El desmantelamiento del apartheid fue uno de los grandes acontecimientos de la política mundial ligado indirectamente al fin de la guerra fría. Durante años, el poder blanco había alimentado el temor al CNA, asegurando que éste preparaba la implantación de un Estado de partido único al estilo de los regímenes del África negra admiradores del modelo soviético-cubano. El gobierno racista intentaba así difundir en el exterior una imagen de Sudáfrica como último baluarte de Occidente en el cono sur africano.

Pero, a partir de 1990, el PN, que había instituido en 1948 el sistema del apartheid, comprendió que la situación era insostenible. Por su parte, Nelson Mandela y otros dirigentes del CNA no vacilaron en sustituir sus planteamientos colectivistas por la flexibilidad. Esto permitió llegar a una solución negociada en la que no hay vencedores ni vencidos.

Sin revanchismos

La moderación y el espíritu de concordia son las bases de la pacífica transición sudafricana. Al mismo tiempo, los abusos del apartheid fueron demasiado graves para que Sudáfrica pueda olvidar el pasado de la noche a la mañana. Y limitarse a cerrar los ojos provocaría nuevos resentimientos. Por todo eso, se pretende curar las viejas heridas haciendo justicia sin venganza.

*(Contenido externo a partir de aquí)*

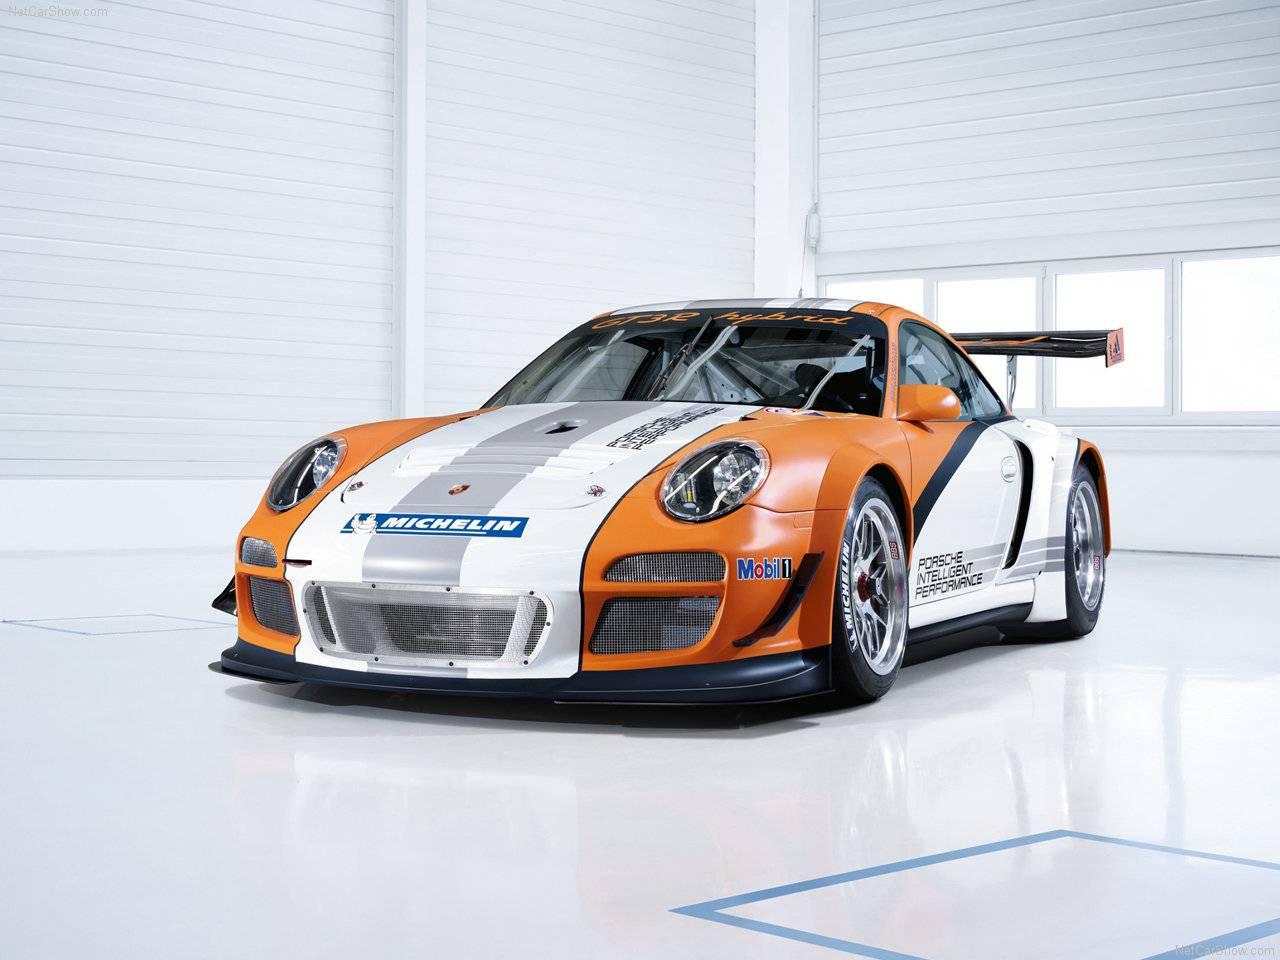 http://3.bp.blogspot.com/_lsyt_wQ2awY/TDrBtnI8Y6I/AAAAAAAB9wA/yKdZ2ylVP3c/s1600/Porsche-911_GT3_R_Hybrid_2011_1280x960_wallpaper_02.jpg

Tal será el mandato de la futura «Comisión para la verdad y la reconciliación», sobre la que el Parlamento empezó a debatir en febrero pasado. El objetivo es esclarecer los crímenes cometidos por motivos políticos durante los años del apartheid, pero no castigarlos. Los culpables obtendrán el perdón a cambio de confesar. Se harán públicos los nombres de los implicados y las responsabilidades que ejercieron, aunque no lo que concretamente hicieron.

El debate sobre la Comisión revela que se trata de un tema muy delicado. Unos sostienen que no habrá verdadera justicia ni reparación sin permitir que se sepa todo. Para otros, la publicidad completa fomentaría actos de venganza, pues todavía viven muchas víctimas o personas próximas a ellas. Este temor está presente no sólo en el entorno de la policía y del PN, sino además en las filas del CNA. Pues también en los campos de entrenamiento que tenía el brazo armado del CNA hubo violaciones de derechos humanos. Por otra parte, se aduce que los más de diez mil miembros del CNA a los que se otorgó amnistía después de 1990 no tuvieron que confesar delitos concretos. De ahí que el CNA haya aceptado la propuesta del PN de mantener en secreto los delitos.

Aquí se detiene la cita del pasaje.